Docker Compose forces you to define your topology. In the YAML above, the db and cache are on the backend network, which is marked as internal: true. This means they have no route to the outside world. They are invisible to the internet. Only the api service, which sits on both frontend and backend, can talk to them. This is the kind of security posture that used to take me hours to configure with iptables and VLANs. Now, it’s four lines of YAML.
Volumes: Where Data Goes to Die
If networking is a hall of mirrors, volumes are a minefield. I’ve seen more data lost to improper volume mounting than to actual hardware failure.
The biggest mistake people make—and I made it too—is treating container storage like a regular filesystem. You think, “I’ll just mount /var/lib/mysql to a local folder.” Then you realize that the UID/GID of the user inside the container (usually 999 for Postgres) doesn’t match the user on your host machine. You end up with a permission denied error that kills the service on startup.
production_db | 2023-10-12 14:30:05.123 UTC [1] FATAL: could not open directory "pg_tblspc": Permission denied
production_db | 2023-10-12 14:30:05.123 UTC [1] LOG: database system is shut down
I learned the hard way: use named volumes. Let Docker manage the abstraction. If you need to back it up, you back up the volume, not the directory. And for the love of all that is holy, don’t use bind mounts for production databases unless you have a very specific reason to handle the I/O overhead and permission mapping yourself.
The bare-metal guy in me still winces at the thought of not knowing exactly which sector on the disk my data lives on. But the systems engineer in me recognizes that pgdata:/var/lib/postgresql/data is a much more stable way to handle state across container restarts than a hardcoded path in a Bash script that might not exist on the next server I rack.
Secrets, Environment Variables, and the Art of Not Getting Fired
In the old days, secrets were kept in a file called config.php or settings.py, usually with permissions set to 600, owned by root. We’d use rsync to push these files around. It was primitive, but it worked—until someone accidentally committed the config file to Git.
Docker Compose handles environment variables with a .env file, but it’s a double-edged sword.
# .env file - The place where security goes to hide
DB_PASSWORD=super_secret_password_that_i_will_forget_to_change
API_KEY=sk_live_51Mz...
DEBUG=false
The problem is that people forget that .env is just a local convenience. In a real production environment, you shouldn’t be using .env files; you should be injecting these through your CI/CD pipeline or a proper secret manager. But for local development—the “mirroring production” part—Compose is king.
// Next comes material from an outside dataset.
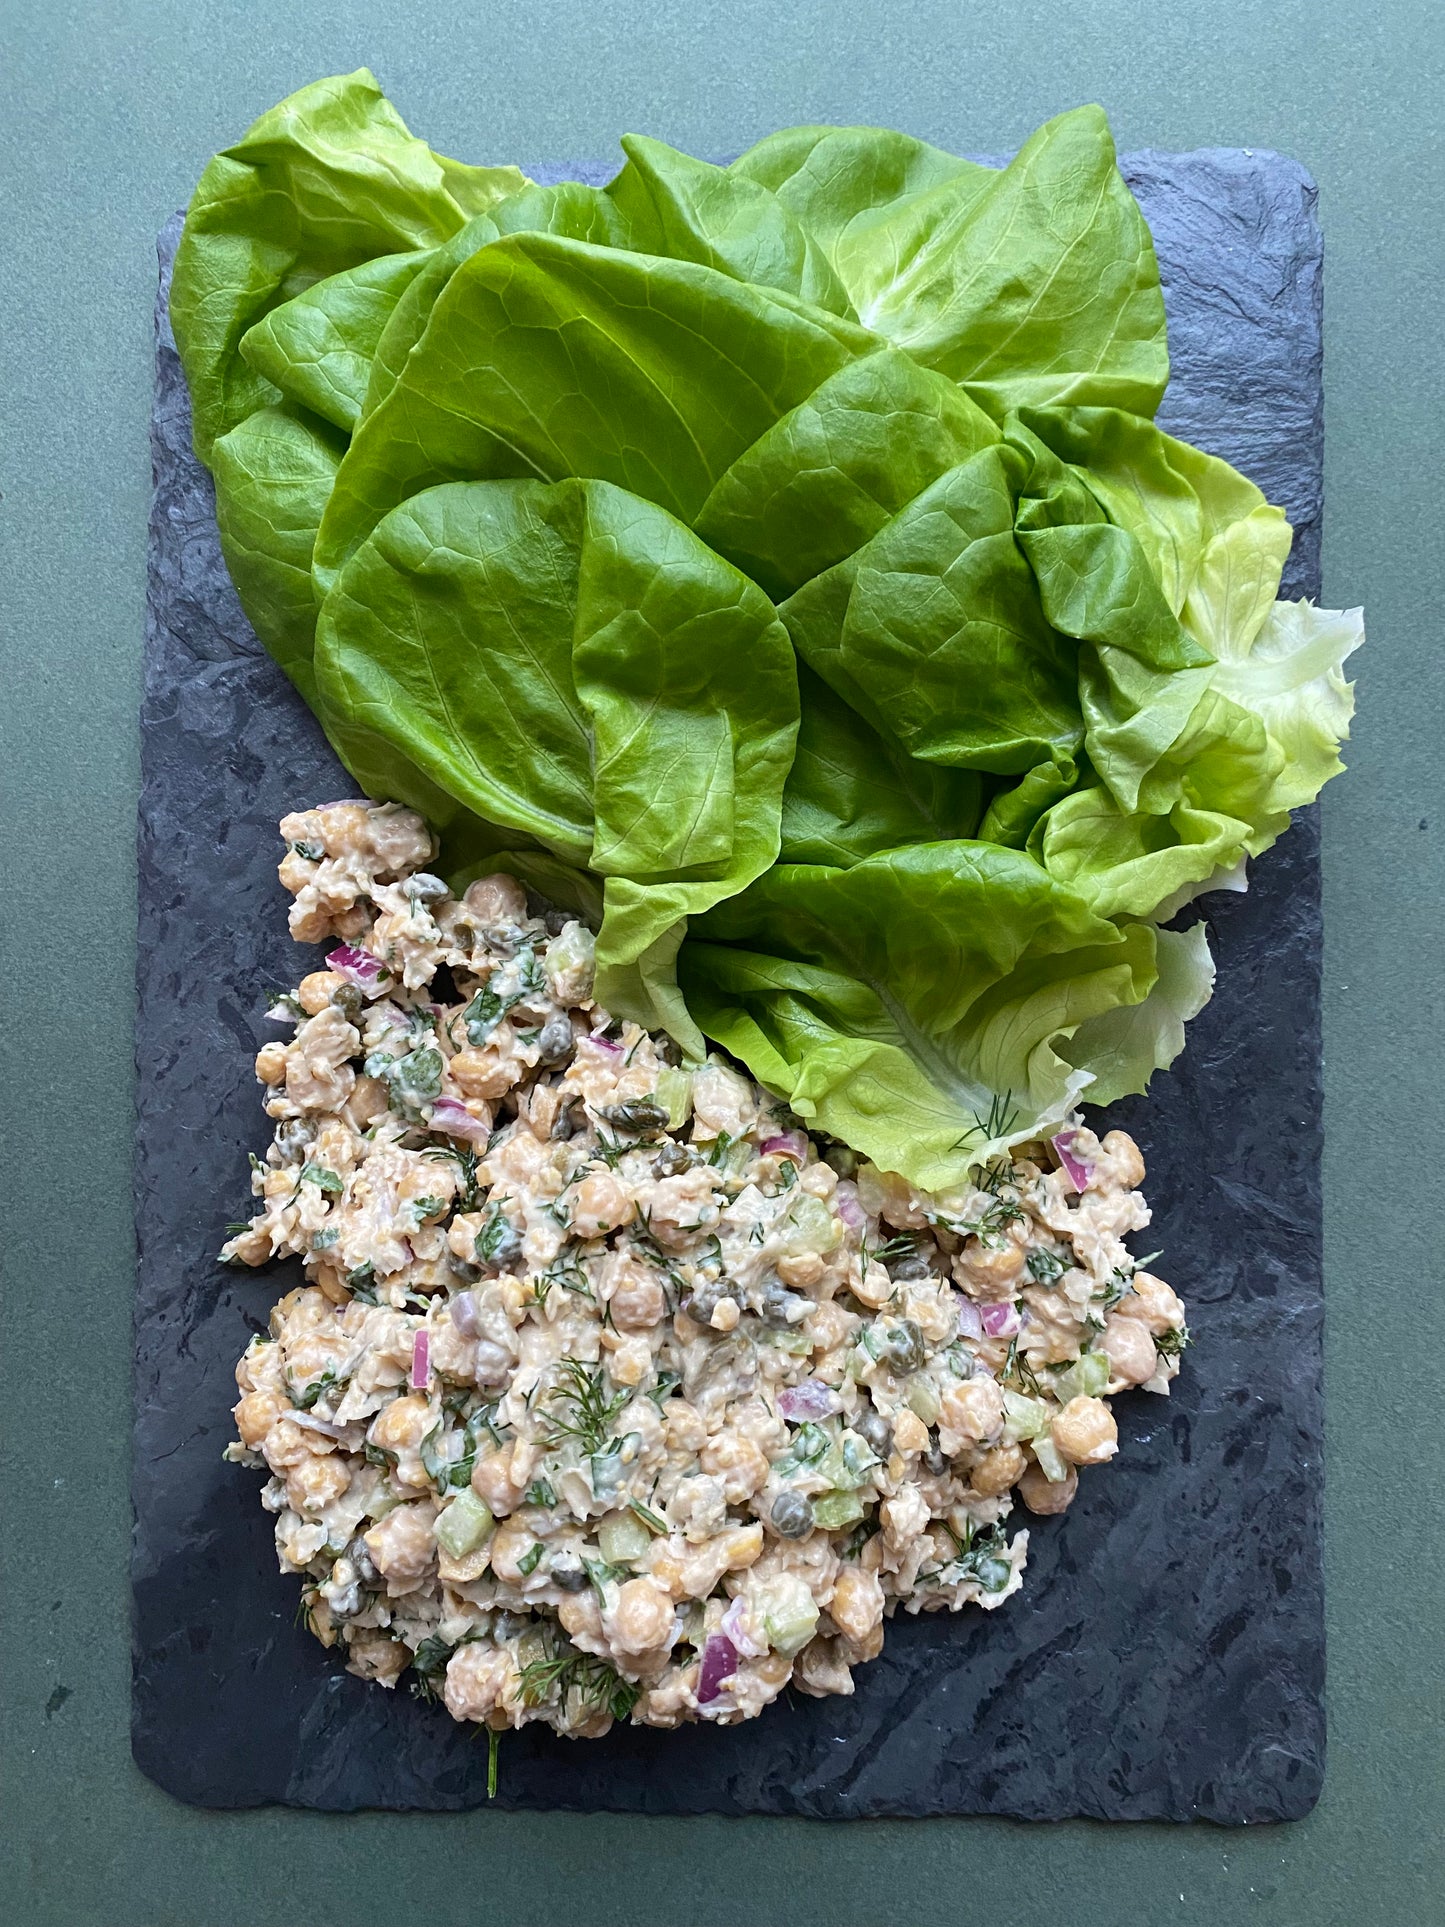 Vegan Chickpea "Tuna" Salad Lettuce Cups
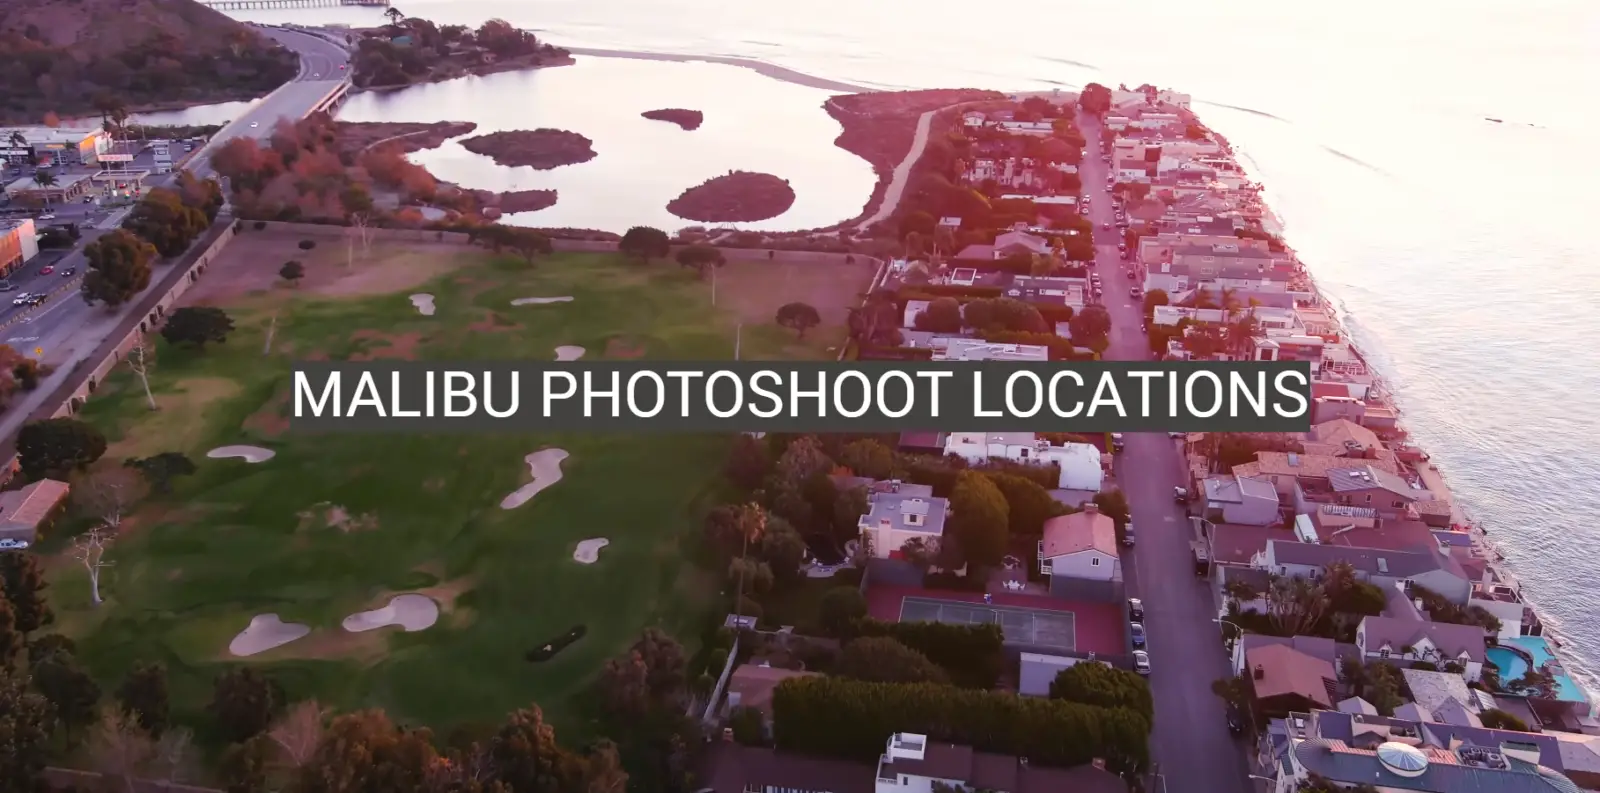 Malibu Photoshoot Locations

I can hand a developer a docker-compose.yml and a .env.example. They copy the example, fill in their local keys, and run docker compose up -d.
$ docker compose up -d
[+] Running 4/4
⠿ Network settlement_frontend Created 0.1s
⠿ Network settlement_backend Created 0.1s
⠿ Container production_db Started 0.5s
⠿ Container redis-cache Started 0.4s
⠿ Container api-srv Started 0.8s
$ docker compose ps
NAME IMAGE COMMAND SERVICE CREATED STATUS PORTS
api-srv settlement-api "./main" api 10 seconds ago Up 9 seconds 0.0.0.0:8080->8080/tcp
production_db postgres:15-alpine "docker-entrypoint.s…" db 10 seconds ago Up 9 seconds (healthy) 5432/tcp
redis-cache redis:7.0-bullseye "docker-entrypoint.s…" cache 10 seconds ago Up 9 seconds 6379/tcp
That (healthy) tag next to the database? That’s the sound of me sleeping through the night. It means the container isn’t just “running” (which is a useless metric); it means it’s actually responding to queries.
The Idempotency Myth and the Reality of docker compose up
We talk about “idempotency” like it’s a religious commandment. The idea is that you can run the same command over and over and the state remains the same. Bare-metal scripts are almost never idempotent. If you run mkdir /data twice, the second time it throws an error unless you add -p. If you run apt-get install twice, it might upgrade a package you didn’t want to touch.
Docker Compose is the closest I’ve ever come to true idempotency in a deployment workflow. If I change a single environment variable in the YAML and run docker compose up -d, it doesn’t tear down the whole stack. It calculates the diff. It sees that the db and cache haven’t changed, so it leaves them alone. It sees the api needs a new environment variable, so it recreates only that container.
$ docker compose up -d
[+] Running 3/3
⠿ Container production_db Running 0.0s
⠿ Container redis-cache Running 0.0s
⠿ Container api-srv Recreated 0.3s
This “Recreated” status is the magic. It’s the difference between a 5-minute outage and a 500-millisecond blip.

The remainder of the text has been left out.